Don’t believe it when people say that twins never wake each other up. You may be lucky but some twins definitely do disturb each other in the night.

However, If you do find yourself awake in the night with one twin crying and the other sound asleep you might want to consider waking it up. We know it goes against the ‘never wake a sleeping baby’ rule but it might be the only way of getting your babies into the same routine.

According to TAMBA (Twins and Multiple Births Association), putting twins in the same cot after they’re born helps them to adjust to their new environment by helping them to co-regulate their body temperatures and their sleep cycles to soothe themselves and their twin.

Twins that are used to being in the same cot are also far less likely to disturb each other at night than those that aren’t, plus, one cot takes up less space so you could potentially keep them both in your bedroom for longer – a known factor in preventing cot death and it’ll mean you don’t have far to go when they want a midnight feed.

Your first year with twins: The benefits

There’s no denying that twins are hard work but on the plus side, you’ve got an instant family and don’t have to fret over when’s the best time to have baby number two or three.

The bond between twins, particularly identical twins, is one that can’t really be mirrored by anything else and that closeness lasts a lifetime.
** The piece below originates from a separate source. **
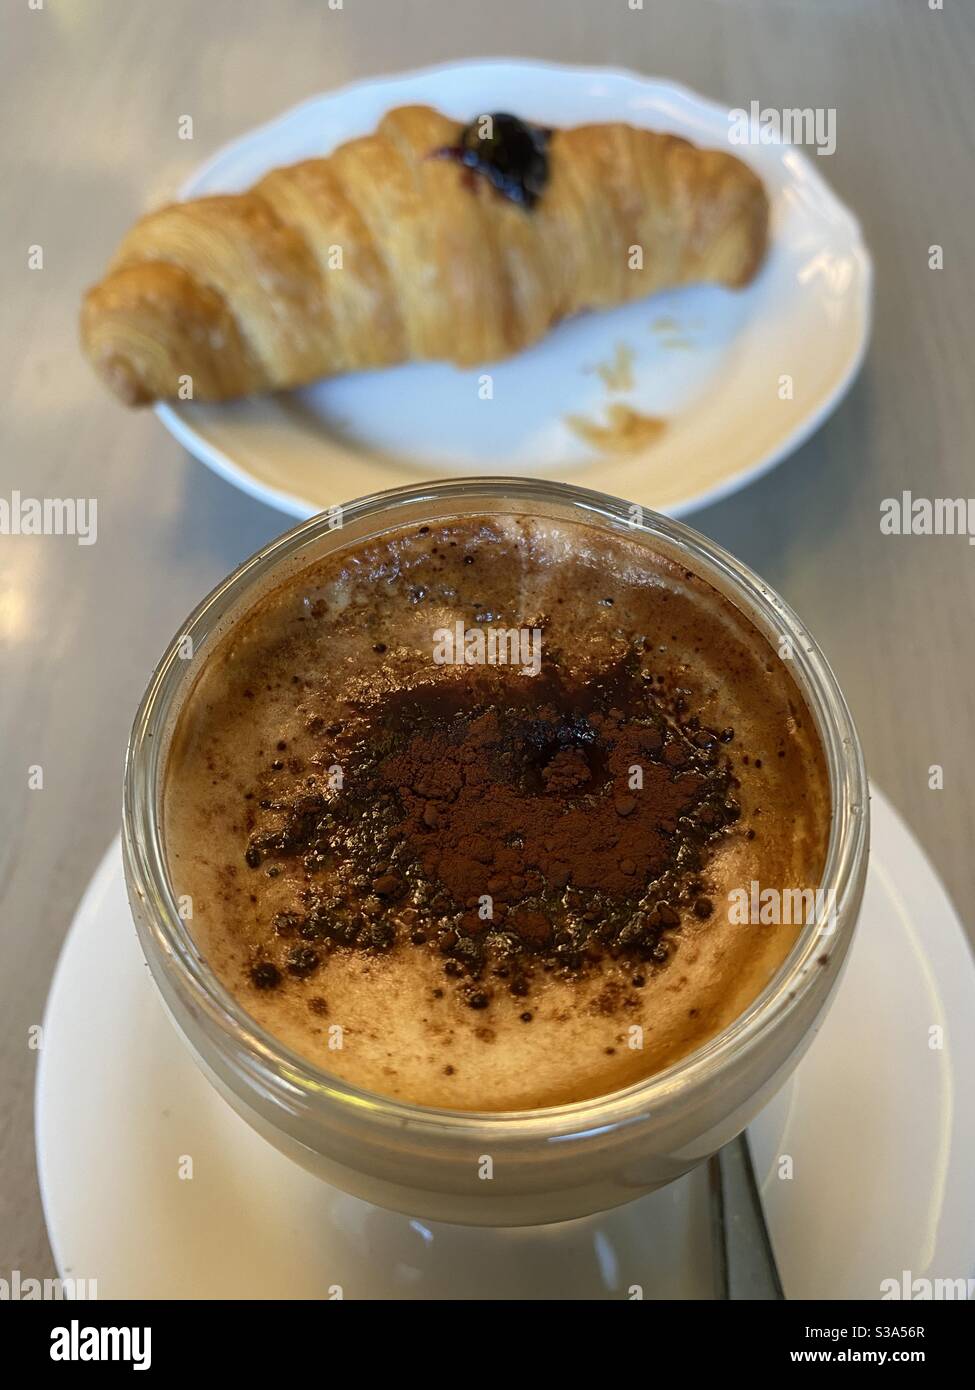 Moretto, café espresso caliente con leche y chocolate en polvo y un croissant fresco Foto de stock

They’ll always have someone there to play with who’s at a similar level to them. Older siblings might get frustrated with a younger child’s inability to play on their level, but with twins that’s not an issue.

Of course with such an intense bond is bound to come some pretty intense fighting but unless they’re hurting each other, it might be best to leave them to it and not get involved in ‘he did this/ she did that’ type rows.

An expert’s view

‘Twins are without a doubt double the pleasure. They’ve been fantastic. The only thing that I see as a negative is the financial cost of having to fork out for double the school uniforms and double the school trips but if you explain your situation to people, they’re almost always willing to help by letting you pay in instalments or something like that. My girls are always there for each other. They’re independent but support and help each other through everything. It’s all very sweet.’
NCT breastfeeding counsellor and mum of twins, Nena Blake

A mum’s view

‘My twins squabble like any brother and sister but if any one of them hurts themselves, it’s then that their bond becomes clear. I remember taking my son to hospital after he’d cut his head on a corner table. Anyone would think Millie was the one injured the way she was screaming down the casualty waiting room. ‘Make him better’ she wailed. ‘Will he be OK?’ As soon as he was out and stitched up they went back to bickering again but it was sweet to see that they really do care.’